Factors and model formulas — R Module 10 | LeadAfrik Public Economics Hub

Factors are R's way of representing categorical data. Model formulas (the y ~ x DSL) are how regressions are specified. Knowing how factors interact with formulas is the difference between competent and confused regression in R.

Factors — categorical with levels

x <- c("low", "high", "low", "medium", "high")
f <- factor(x, levels = c("low", "medium", "high"), ordered = TRUE)
levels(f)
table(f)

The order of levels matters: the first level is the reference category in regression. lm() with a factor predictor estimates one coefficient per non-reference level, capturing the difference from the reference.

Formula DSL

y ~ x — simple regression
y ~ x1 + x2 — multiple regression
y ~ x1 + x2 + x1:x2 — with interaction
y ~ x1 * x2 — main effects + interaction (shorthand for above)
y ~ . — all other variables in the data frame
y ~ x1 - 1 — no intercept
y ~ I(x^2) — use the literal expression (I() escapes formula special meaning)

Interactions in detail

# Interact a continuous and a categorical
lm(y ~ x * group, data = df)
# Equivalent to: y ~ x + group + x:group
# Reads as: 'effect of x is allowed to differ by group'

Contrasts — what the coefficients mean

By default, R uses 'treatment contrasts': the first factor level is the reference, and other coefficients give the difference from reference. You can change to 'sum-to-zero' contrasts, polynomial contrasts (for ordered factors), etc., via the contrasts() function.

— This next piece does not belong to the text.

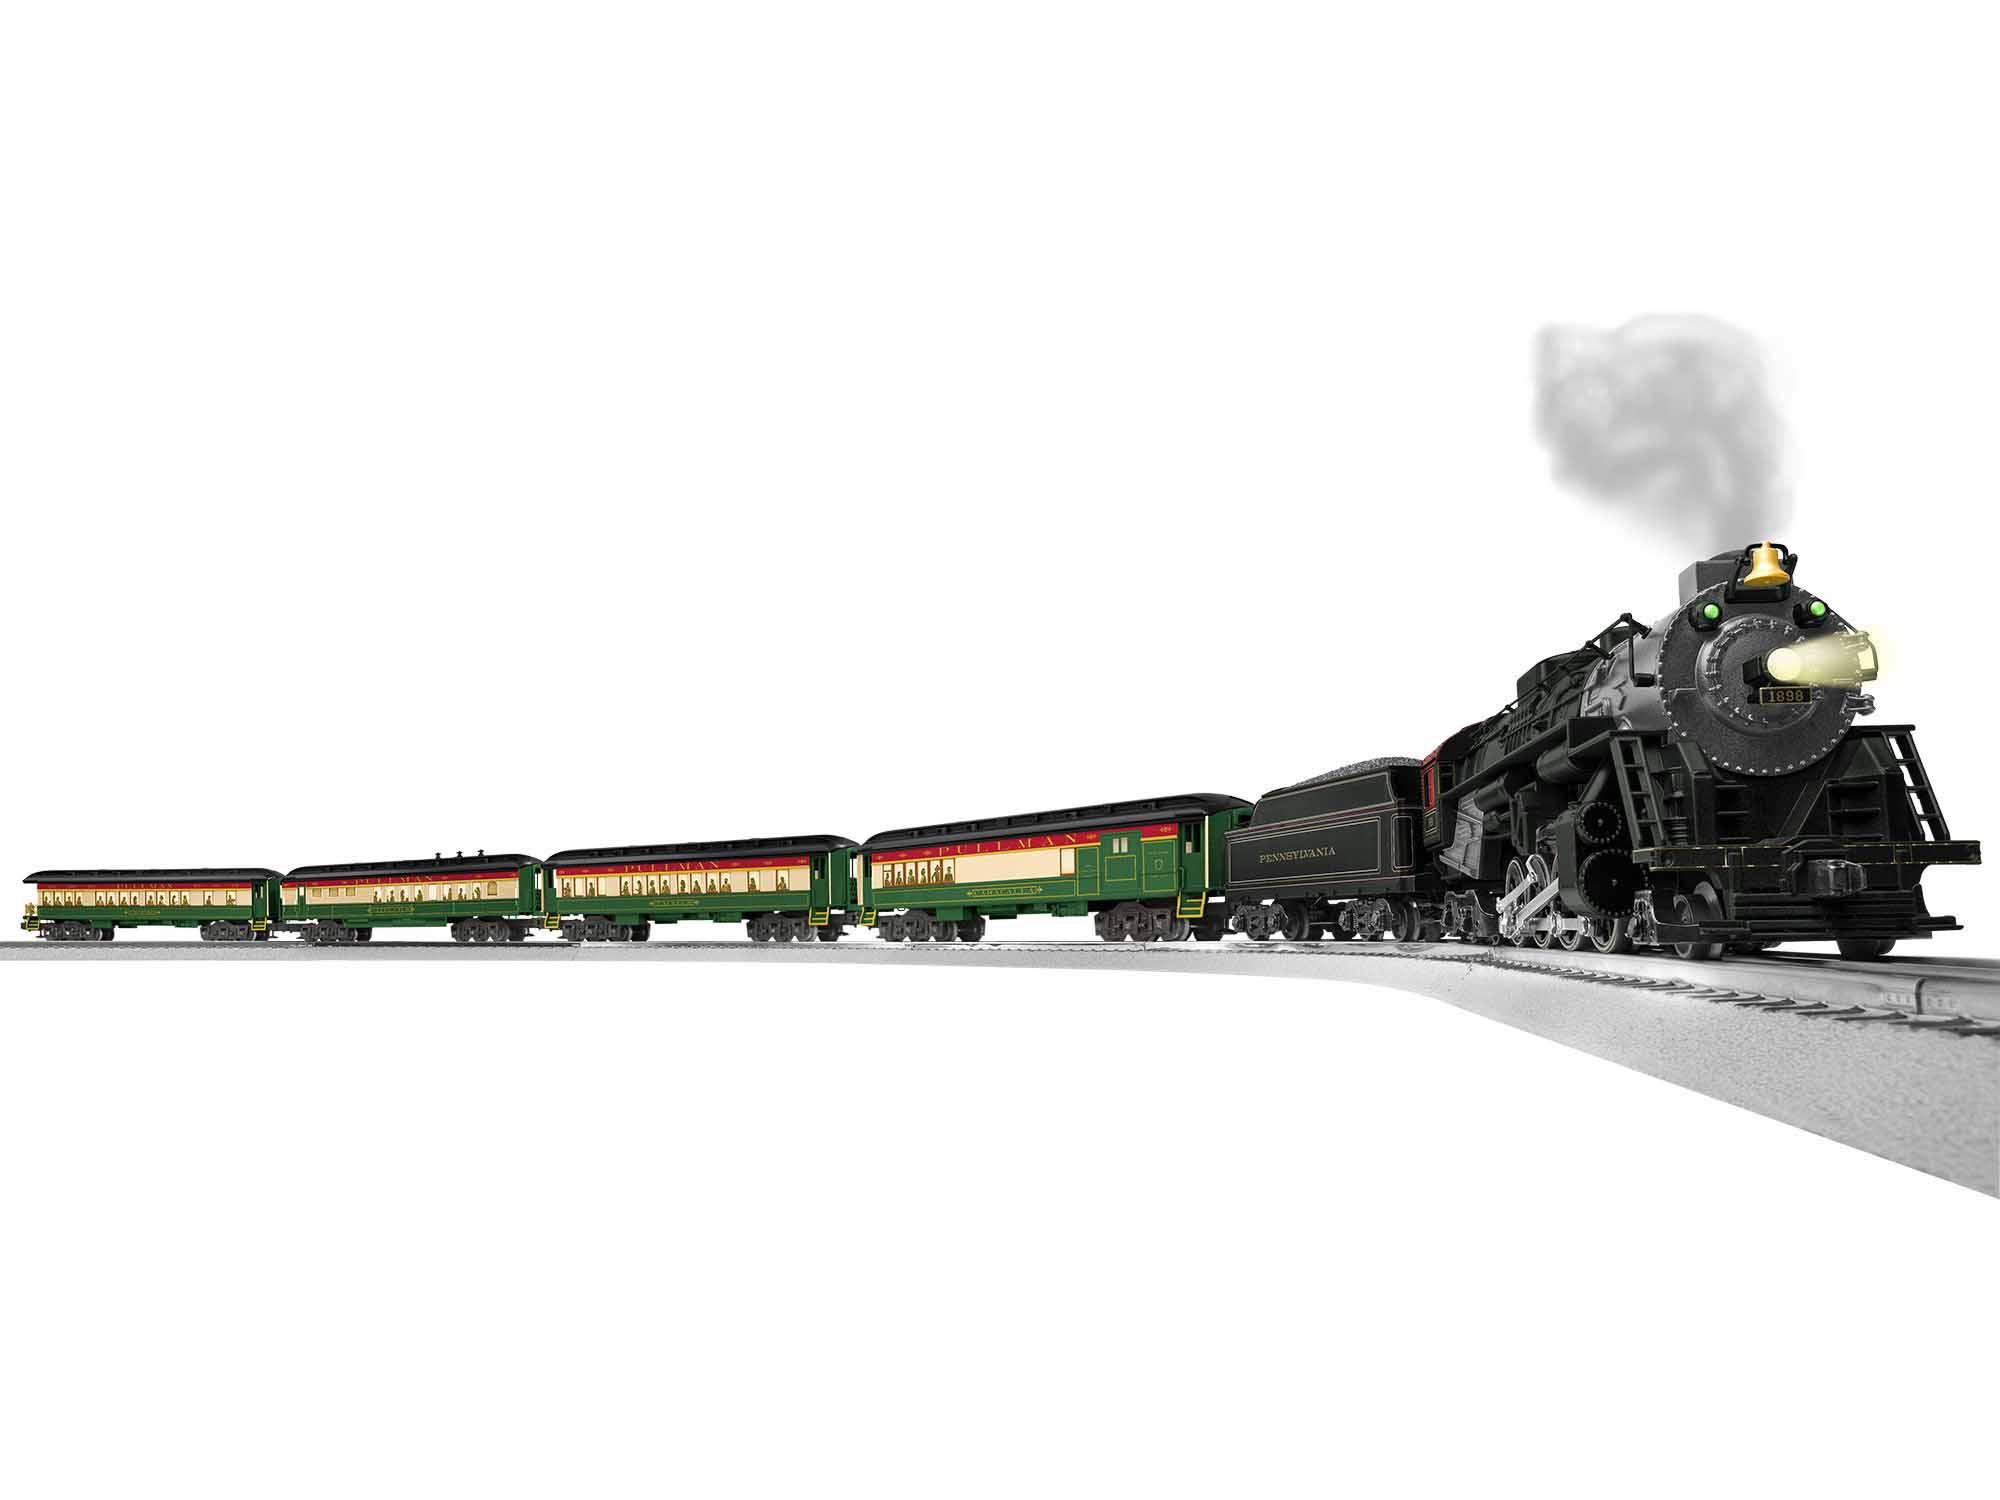 Lionel 1922070 O Pennsylvania Limited Train-Only Passenger Set 3-Rail LionChief+ 2.0 Berkshire 2-8-4 4 Cars

Margins — making coefficients human-readable

library(margins)
model <- lm(y ~ x * group, data = df)
margins(model)            # average marginal effects
margins(model, at = list(x = c(0, 1, 2)))

Factor levels in unexpected order

If you read 'low', 'medium', 'high' as character data, factor() defaults to alphabetical levels: high, low, medium. Always specify levels = ... explicitly when order matters.

Exercise

Convert c('low', 'high', 'medium') to a factor with levels ordered low, medium, high.